Граф согласился, думая про себя: «Я тебя, каналья, обработаю порядком за все твои гадости и мерзости, которые ты делал против меня!»
Пока таким образом опечаленный отец проводил свое время, Бегушев ожидал его с лихорадочным нетерпением; наконец, часу в девятом уже, он, благодаря лунному свету, увидел въезжавшую на двор свою карету. Бегушев сначала обрадовался, полагая, что возвратился граф, но когда карета, не останавливаясь у крыльца, проехала к сараю, Бегушев не мог понять этого и в одном сюртуке выскочил на мороз.
— Где же граф? — крикнул он кучеру.
— В гостинице у Тверских ворот остались, — ответил тот.
— А больная, за которой я его послал?
— Больную-с отвезли в больницу.
И кучер назвал больницу.
— Хорошо там ее поместили? — расспрашивал Бегушев, не чувствовавший даже холода.
— Граф сказывал, что хорошо, и сначала велел было мне дожидаться у гостиницы, а опосля вышли и сказали, чтоб я ехал домой.
— Он пьян, конечно?
Кучер усмехнулся.
— Должно быть, маненько выпивши, — ответил он.
— О скотина, о мерзавец!.. — восклицал Бегушев.

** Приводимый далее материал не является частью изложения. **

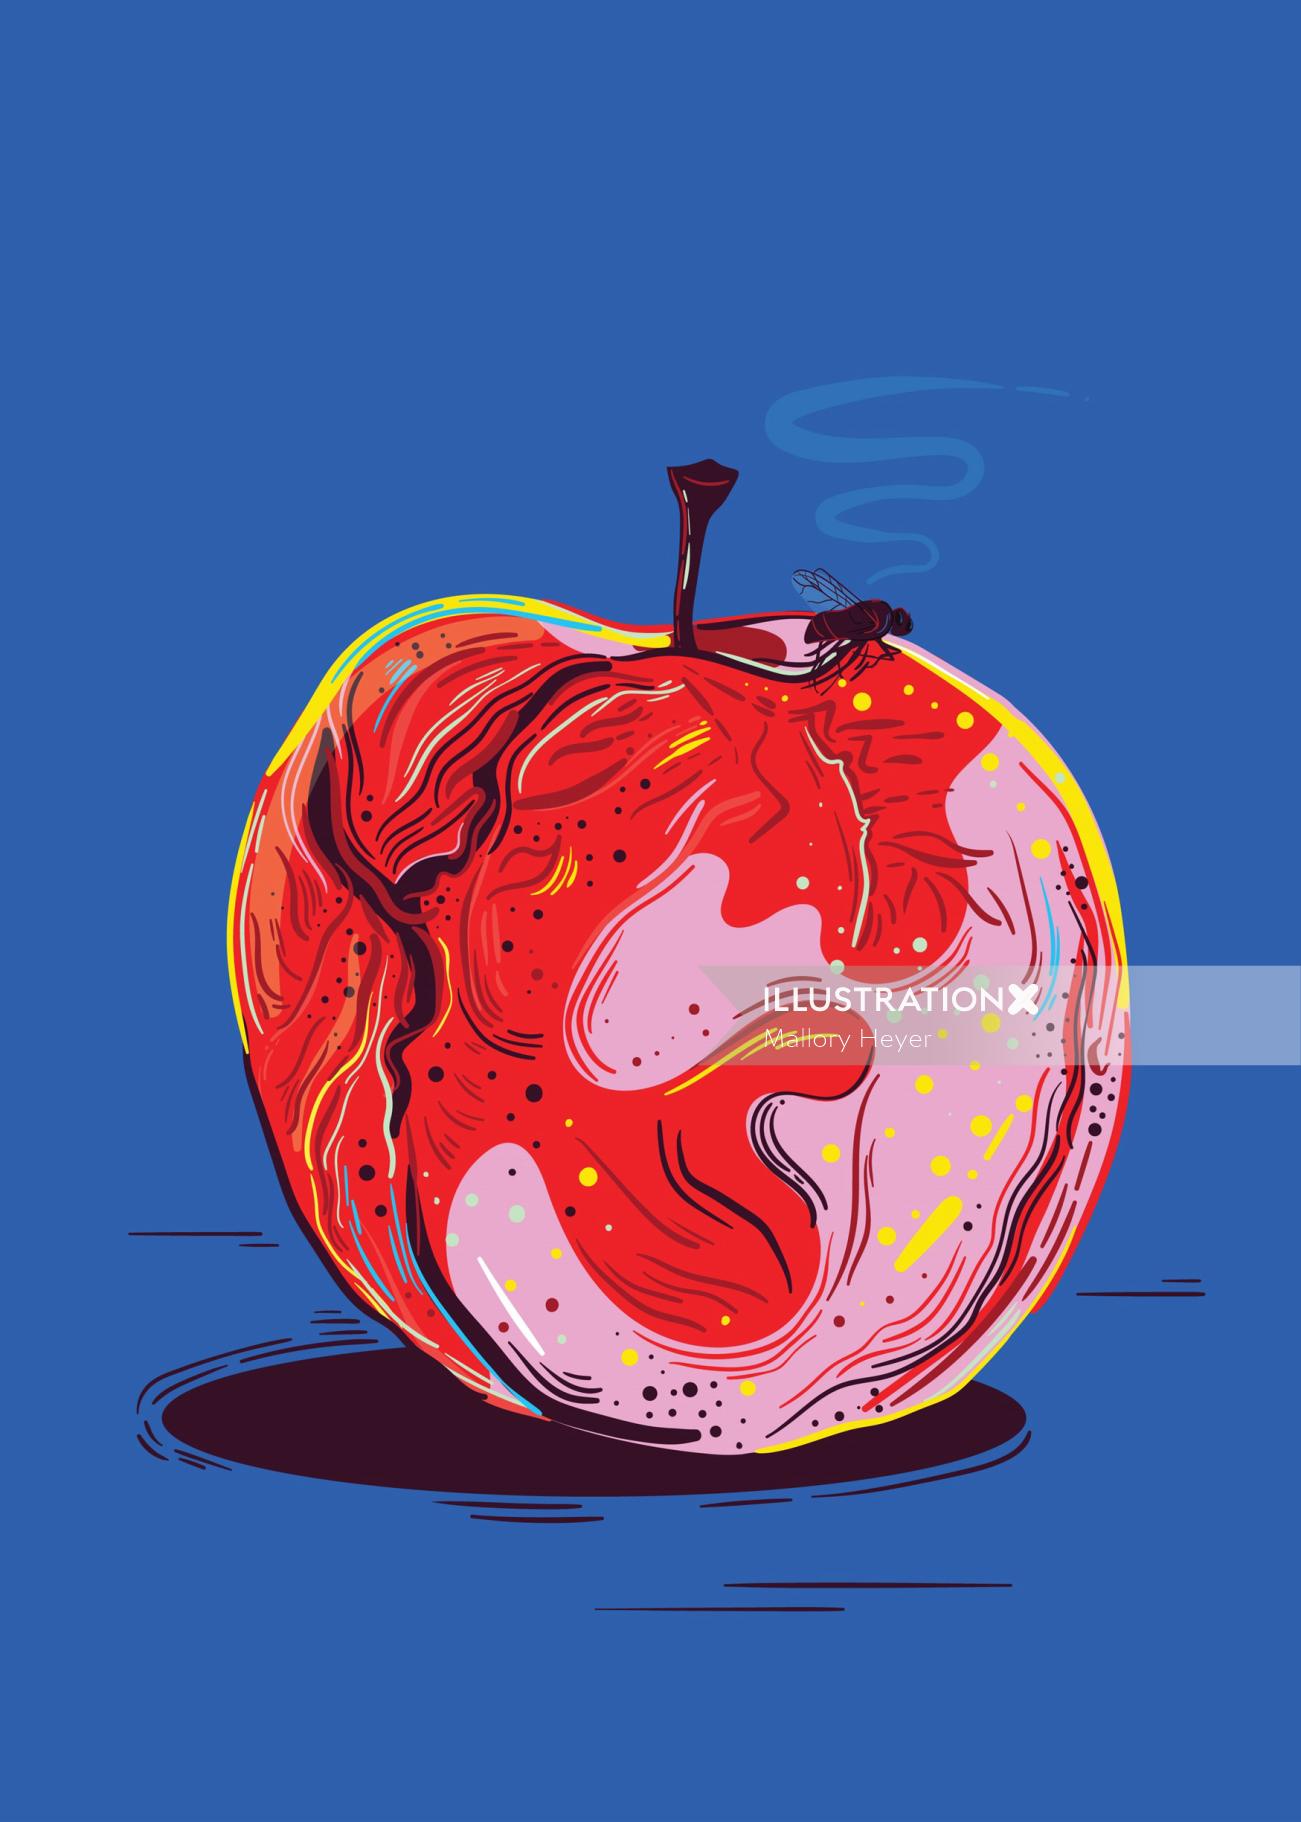 ConceptualBad apple
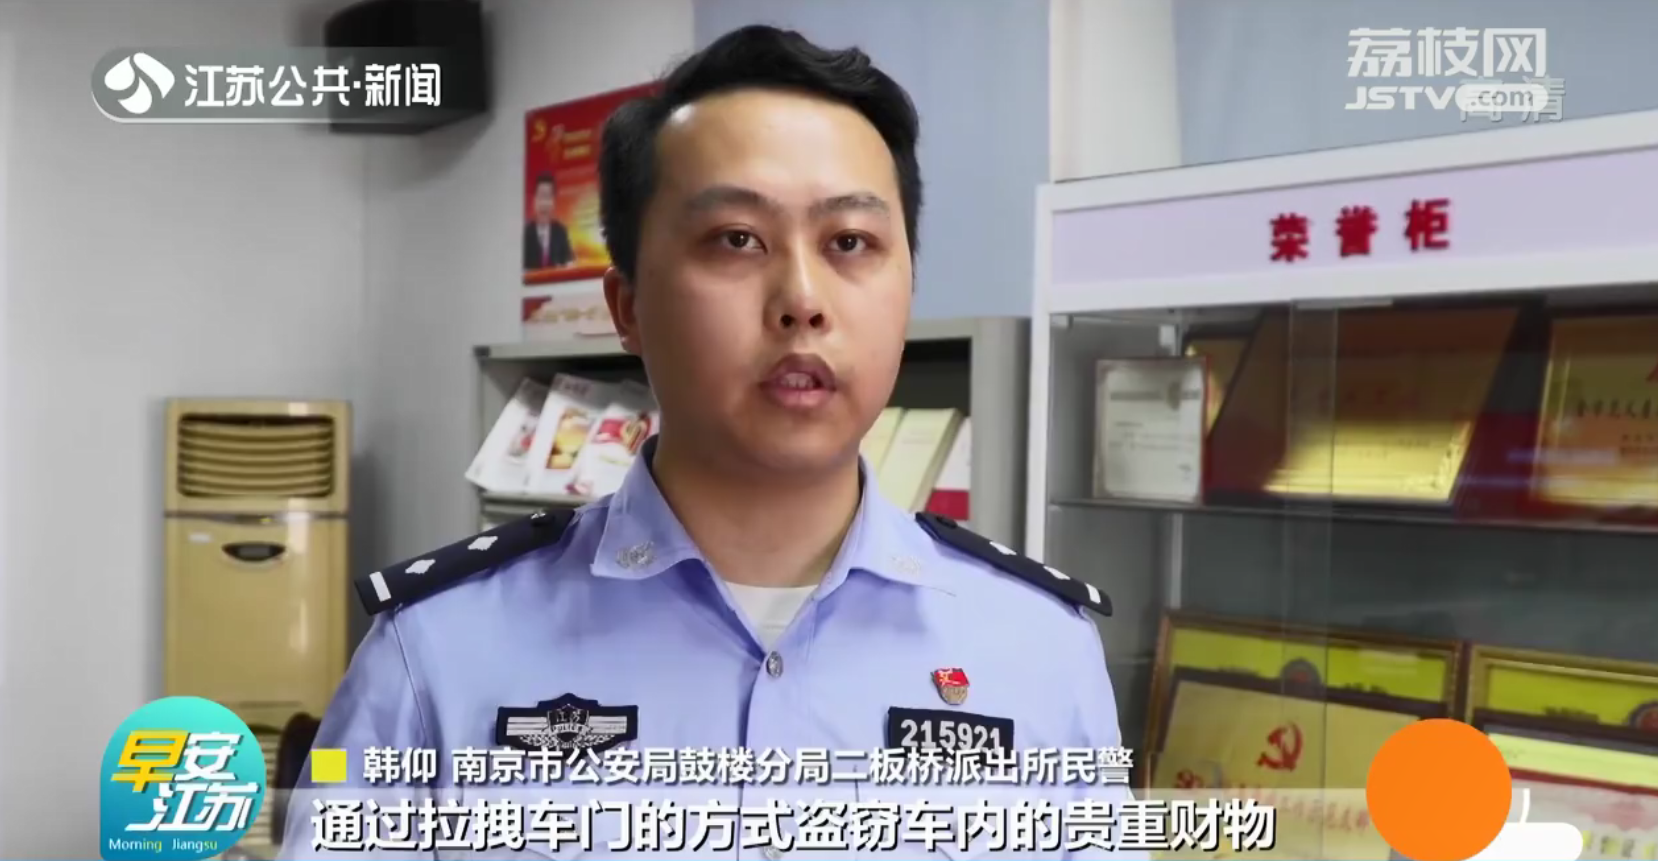 跨六省十城“拉车门”盗窃 三人在南京落网

В это время нежданно-негаданно предстала пред ним жидовка.
— Ваше превосходительство, — заговорила она, рыдая, — вы изволили мне сказать, что все заплатите, а мне ничего не заплатили и даму эту увезли.
— Как не заплатили? — спросил Бегушев.
— Что вы говорите: «не заплатили»? Вам при мне отдали пятьдесят рублей!.. — уличил жидовку кучер.
— Разве пятьдесят рублей она мне должна? Ты пуще это знаешь… Я пойду теперь к губернатору, приведу к нему детей моих и скажу: «Возьмите их у меня! Мне кормить их нечем!.. Меня ограбили!..»
При словах «к губернатору» и «ограбили» Бегушев окончательно вышел из себя.
— Вон отсюда! — крикнул он так, что жидовка от страха присела на месте.
— Вон! — крикнул еще громче Бегушев.
Жидовка благим матом побежала со двора.
Возвратясь в комнаты, Бегушев тем же раздраженным голосом приказал лакеям, чтобы они не пускали к нему графа Хвостикова, когда он вернется домой, и пусть бы он на глаза к нему не показывался, пока он сам не позовет его.